Problem
Set out word for word the line that contains "Daniele Alessandrini Jacket" and each line after it, through the end of the data below, but exclude the pictures.

### Data section

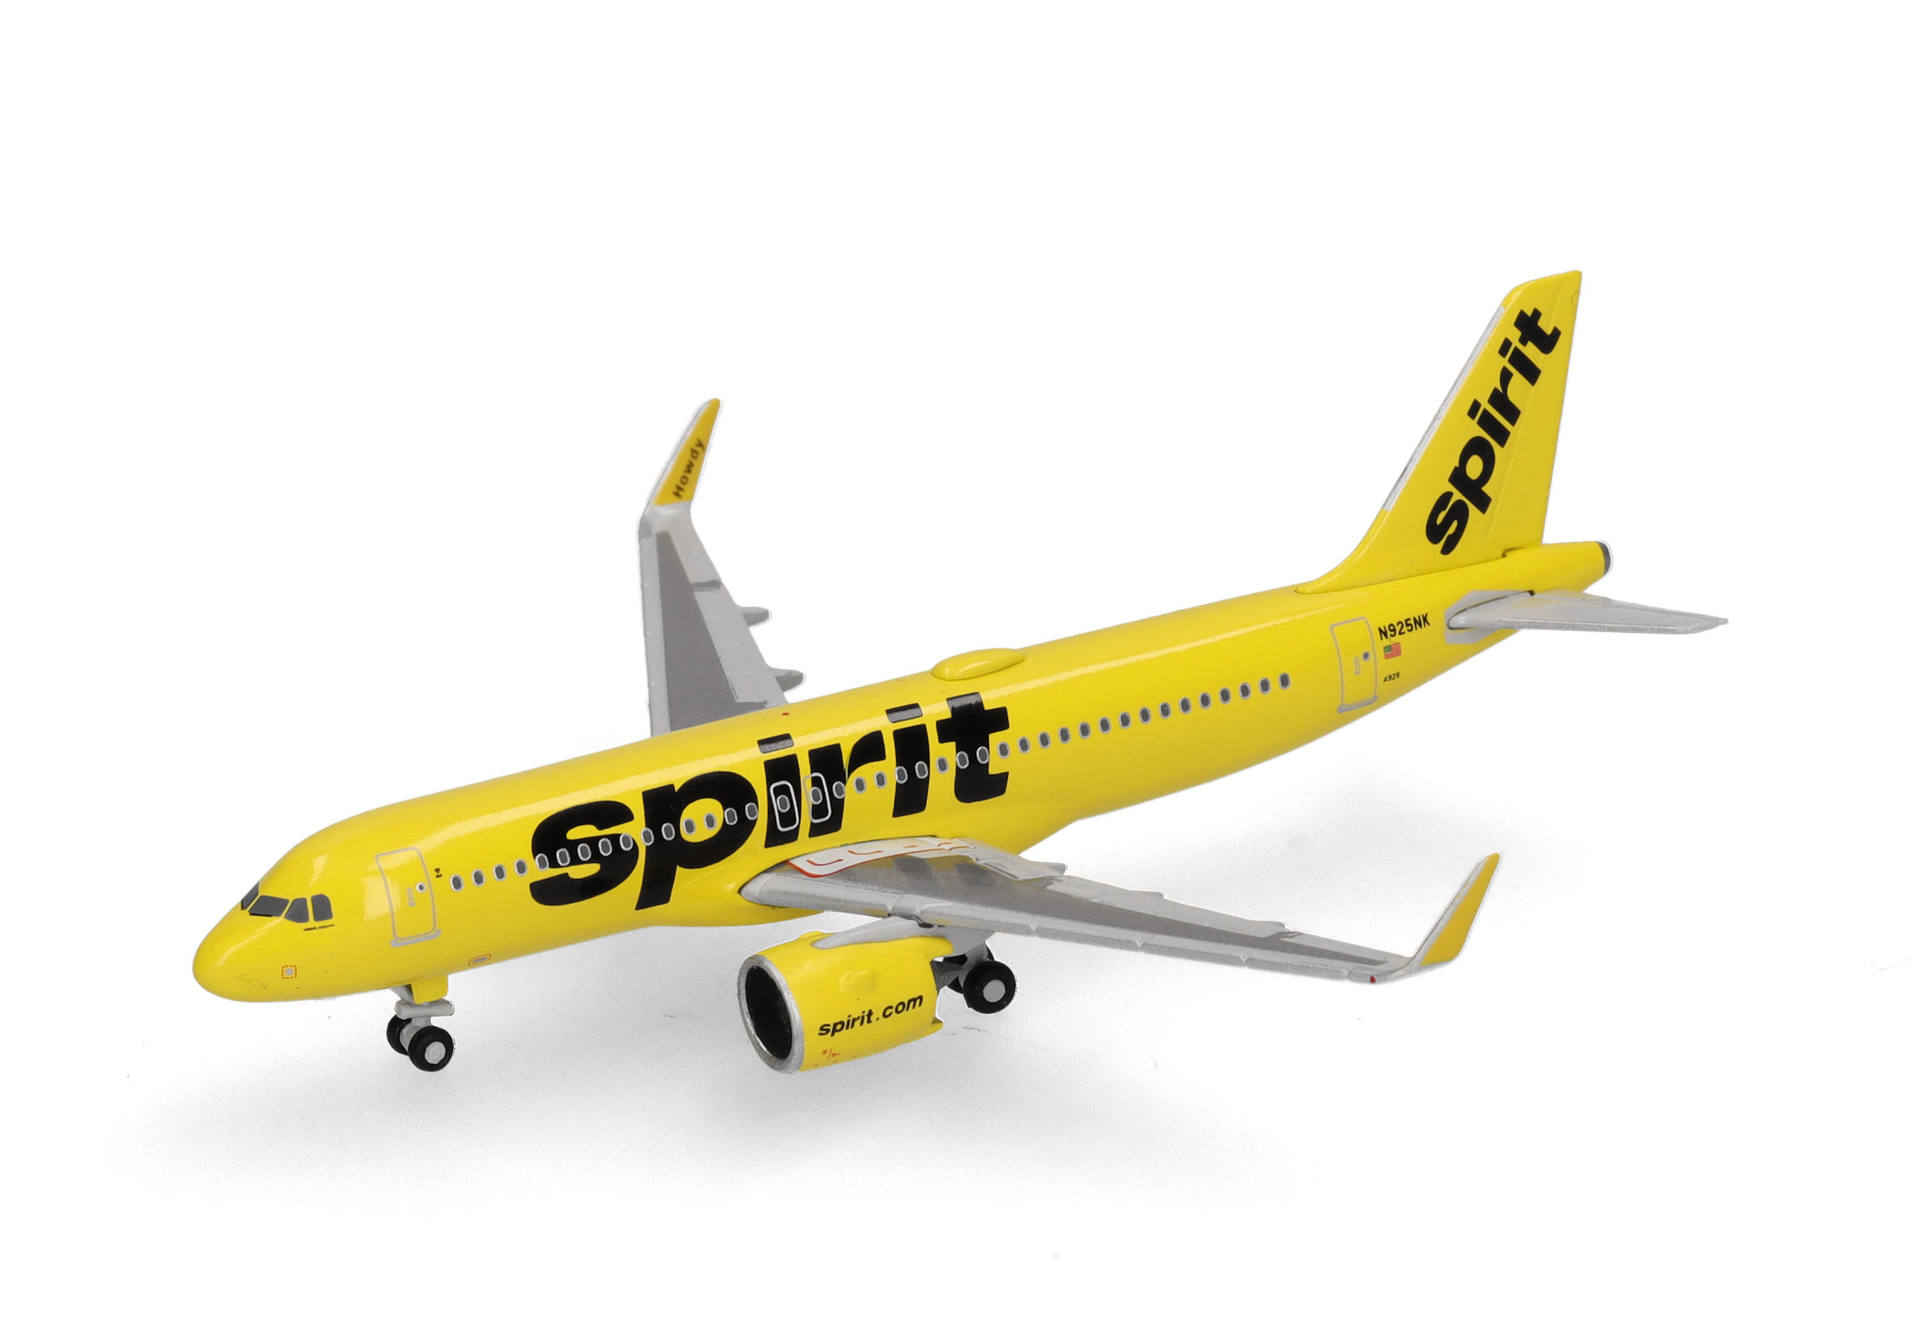 Spirit Airlines Airbus A320neo
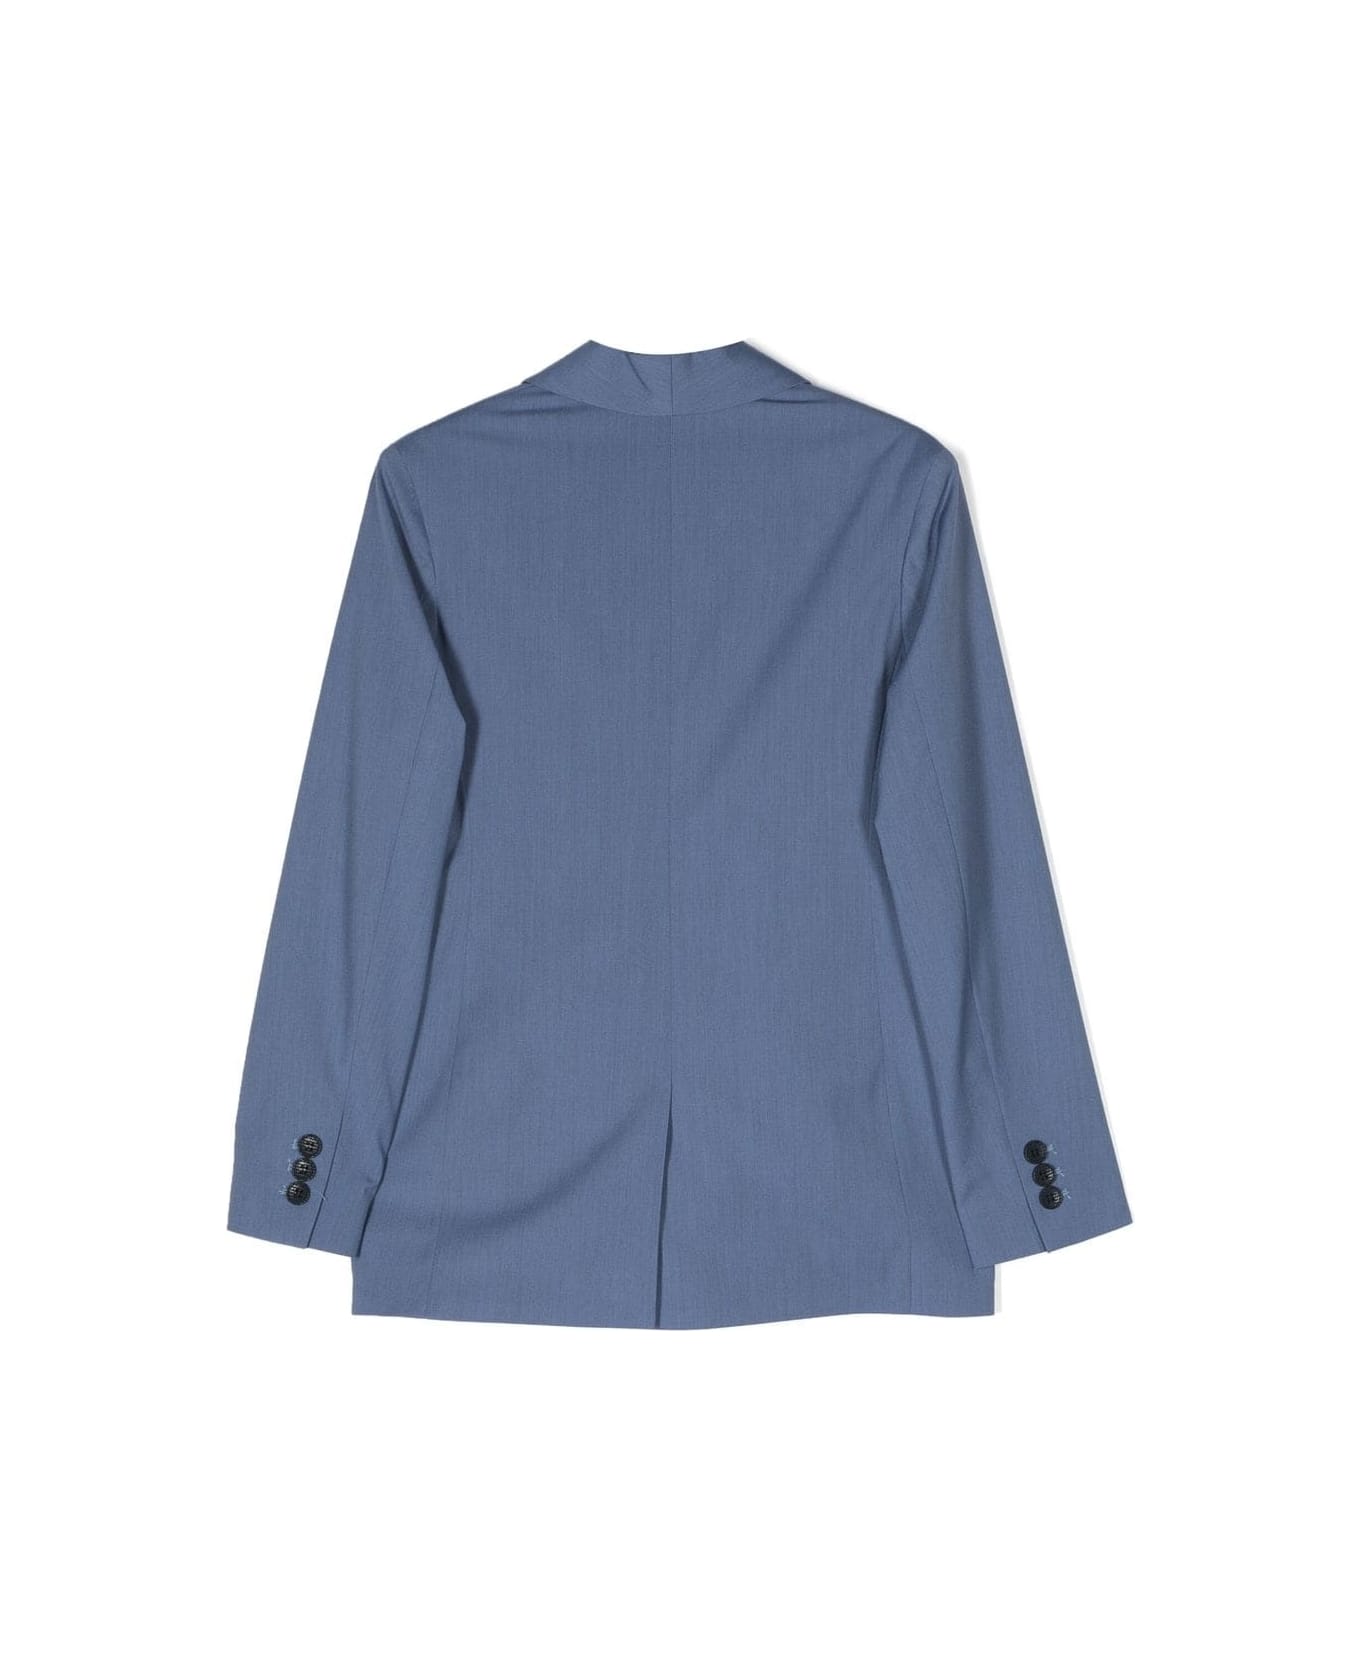 Daniele Alessandrini Jacket With Decorative Buttons - Light blue
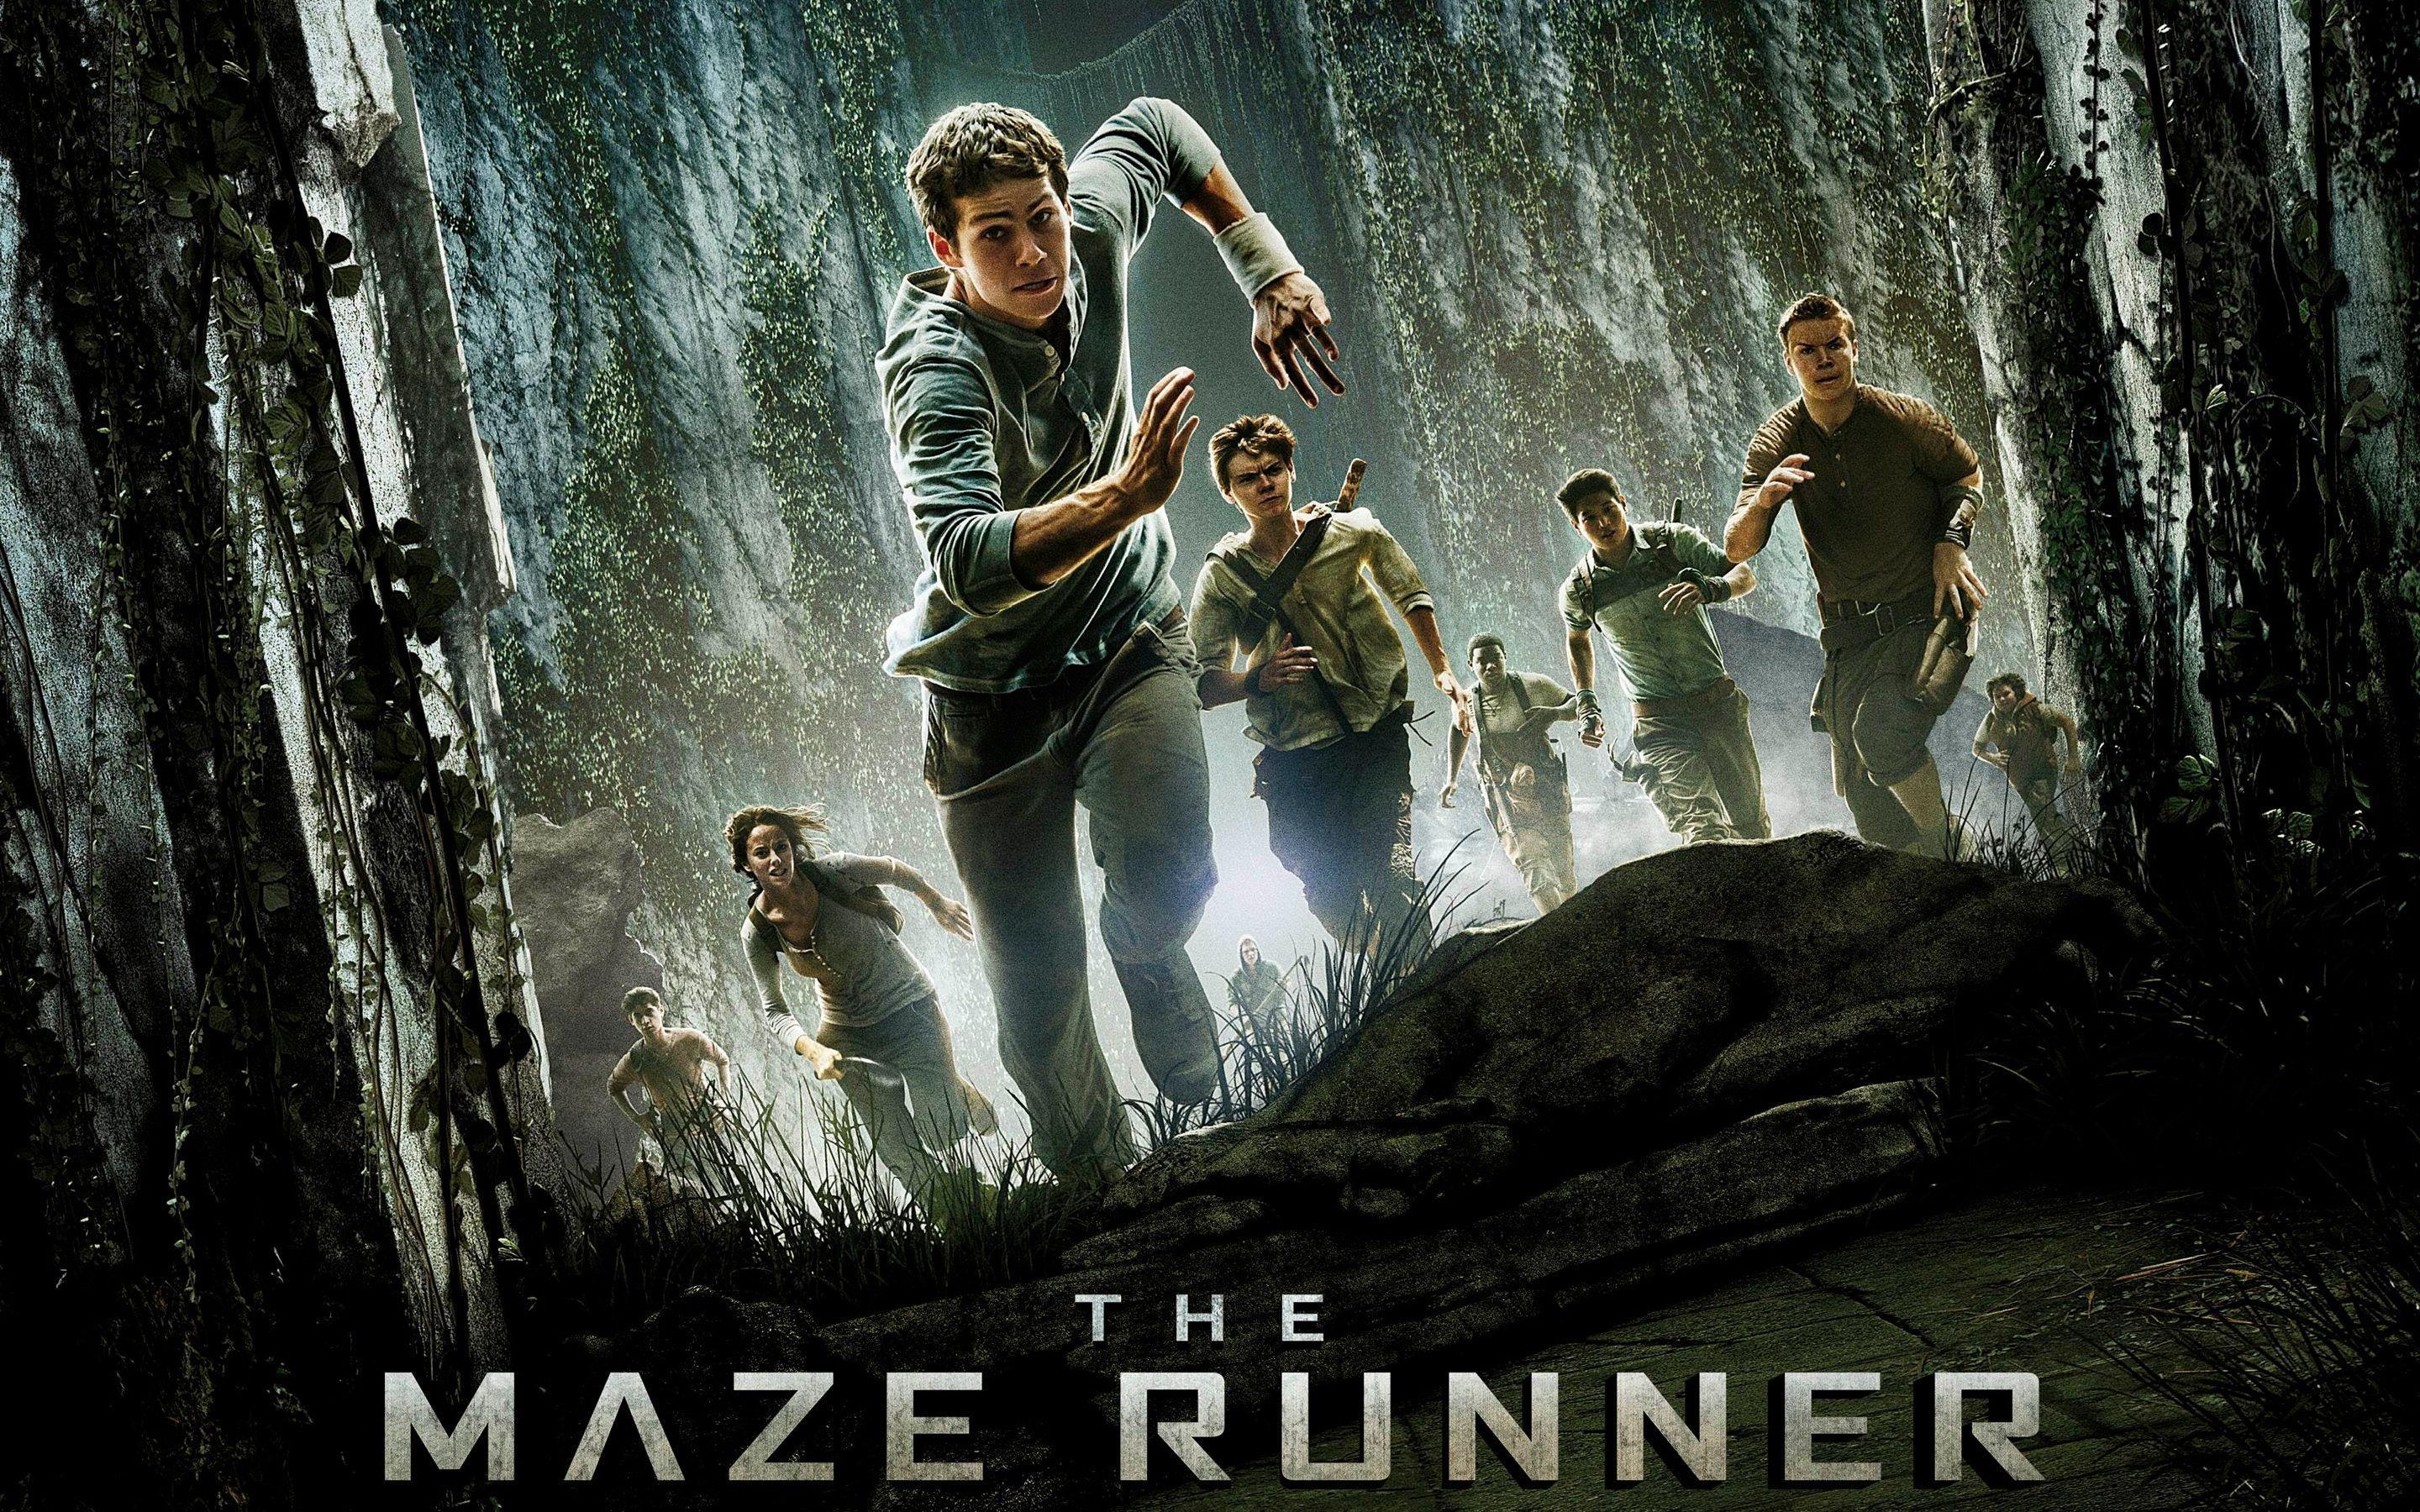 Dylan O'Brien Movies, Maze Runner universe, Top-rated backgrounds, Fan-favorite franchise, 2880x1800 HD Desktop

######

Exercise solution
 Daniele Alessandrini Jacket With Decorative Buttons - Light blue
 Dylan O'Brien Movies, Maze Runner universe, Top-rated backgrounds, Fan-favorite franchise, 2880x1800 HD Desktop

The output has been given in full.